The Competition Commission probe into Google’s in-app payment condition is timely. But it is surprising that Apple is being spared.

It is learnt that the CCI, the national anti-trust regulator has received complaints about Google’s insistence on Google Pay and a 30% commission on in-app payment mechanisms set up by developers. It has ordered an investigation by the Director-General of the Competition Commission.

However, it is Apple that should be considered to be investigated at par with Google. All developers that use an iOS system have to necessarily use the in-app payment mechanism of Apple. Apple currently forbids apps from linking out to the web to offer an alternate payment system, outside of Apple's purview. So, all fees are moderated by Apple, then all fee changes are subject to approval from Apple and most significantly, Apple charges a 30% commission in the sales. In fact, start-ups are most likely to begin with an operating loss as it were. To compound that with a 30% commission is to bleed them – this practically demolishes any operating margin that a small developer may hope to retain – and leads them to early death.

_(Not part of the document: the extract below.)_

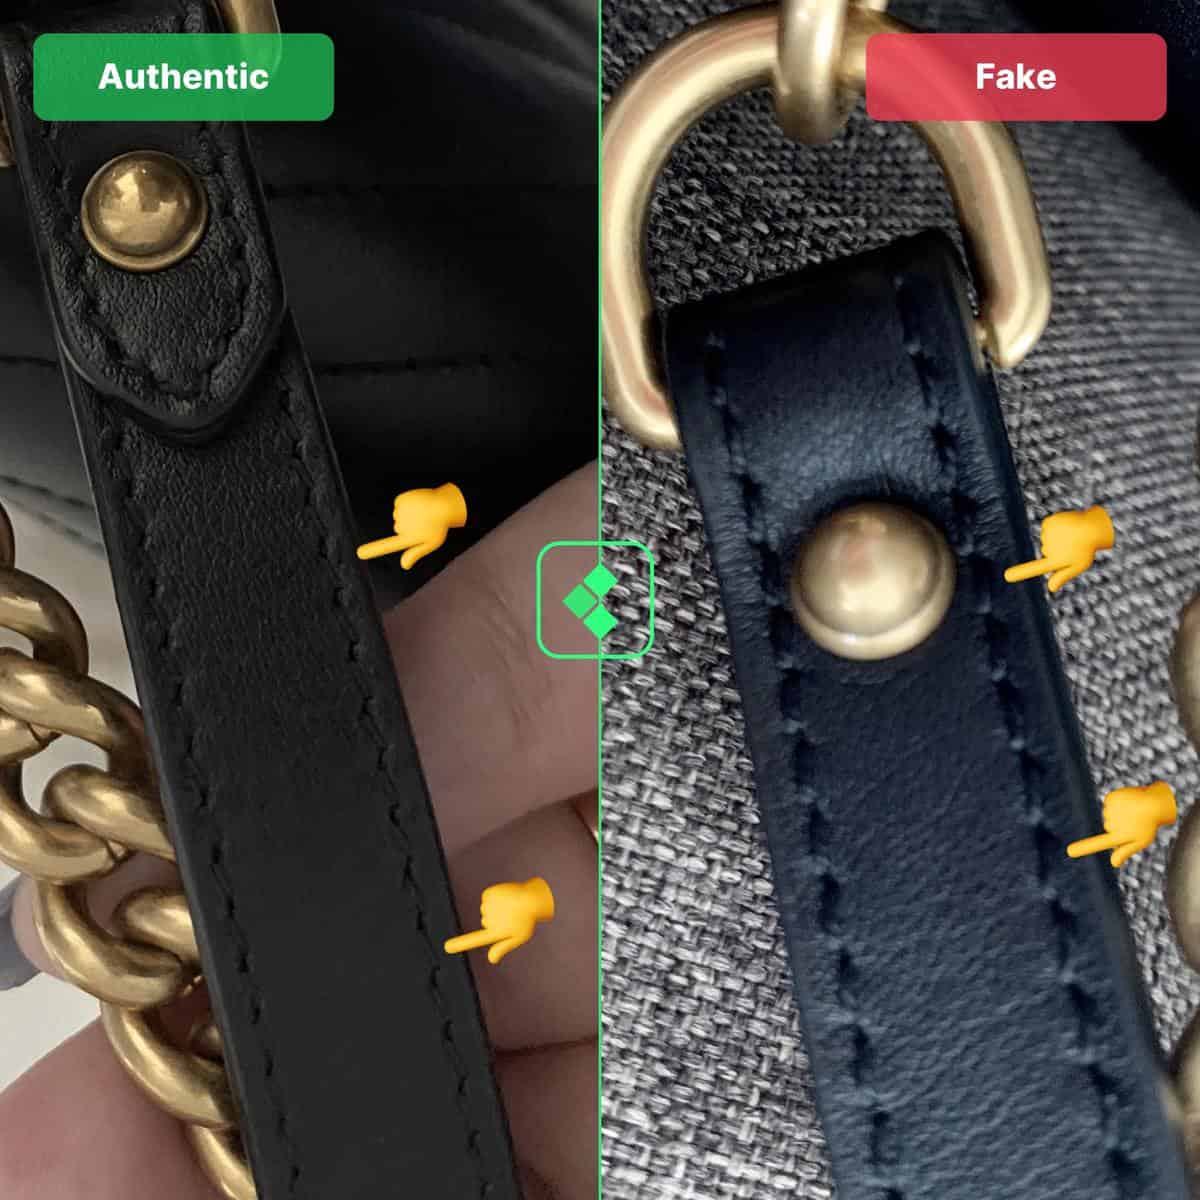 Real or Fake? How to Authenticate Your Gucci - EcoRing Singapore

It is only recently that Apple has, under international pressure, introduced a scheme for Small Businesses under which they reduce the 30 % commission to 15%. A detailed agreement is signed between the developer and Apple. And there is a rider. This reduced commission is applicable only if the business revenues are within 1 million USD. After that, it is back to 30% commission. The agreement takes a few weeks to be approved. 

Clearly, both Google and Apple are using their duopolistic stranglehold over the mobile operating system market to dictate their terms. This is an unfair business practice that should not only be challenged but also undone because it stifles innovation and is an entry barrier to new competitors.

The plea that is being taken is that they provide advanced security to the payment system and therefore they are within their rights to charge a special and enhance commission. This is a flawed argument, because nobody is asking them to take responsibility for security of payment transactions. Besides, this technology is well developed and there are sophisticated models and fool proof techniques being deployed by frontline fintech companies. What is the guarantee that Google and Apple payment mechanisms are infallible?

It is only now that a federal judge in the United States has issued a permanent injunction in the celebrated Epic v. Apple case, putting new restrictions on Apple’s App Store rules and bringing months of bitter legal jousting to a conclusion.

Under the new order, Apple is:

"permanently restrained and enjoined from prohibiting developers from including in their apps and their metadata buttons, external links, or other calls to action that direct customers to purchasing mechanisms, in addition to In-App Purchasing and communicating with customers through points of contact obtained voluntarily from customers through account registration within the app."

In short, iOS apps must be allowed to direct users to payment options beyond those offered by Apple.

The Competition Commission of India is believed to be harbouring the premise that since android systems command more than 85% of the Indian mobile market, it is only Google that is exercising its dominant position. But even though Apple may have only a 10 % market share, in volume terms this turns out to be huge number of people, many of them in important positions whose participation in any new app is especially important to carry it to productive and meaningful fruition.

So how much should these platforms charge for in-app purchases? Today, fintech payment gateway companies like Razorpay and PayTM charge between 1-2.5 % of the sale price per transaction depending on the modality  used -- debit card, netbanking, credit card etc. For UPI transactions the fee is negligible. Anything within these margins should be acceptable and reasonable as a support service or transaction fee for in-app purchases, of course, presuming that in-app purchase through the Google or Apple (i-tunes) mechanism was considered unavoidable. Clearly 30% is stark and exploitative compared to 2.5% and is grossly unfair and anti-competition.

The goal of any anti-trust body should be to prevent and neutralize trade practices that enable any business entity to take unfair advantage of their dominant market position. In that light, it is indeed reasonable for Indian developers to ask that watchdog of fair business practices, the Competition Commission of India: is it fair that infant Indian developers are being levied an exploitative Apple or Google tax?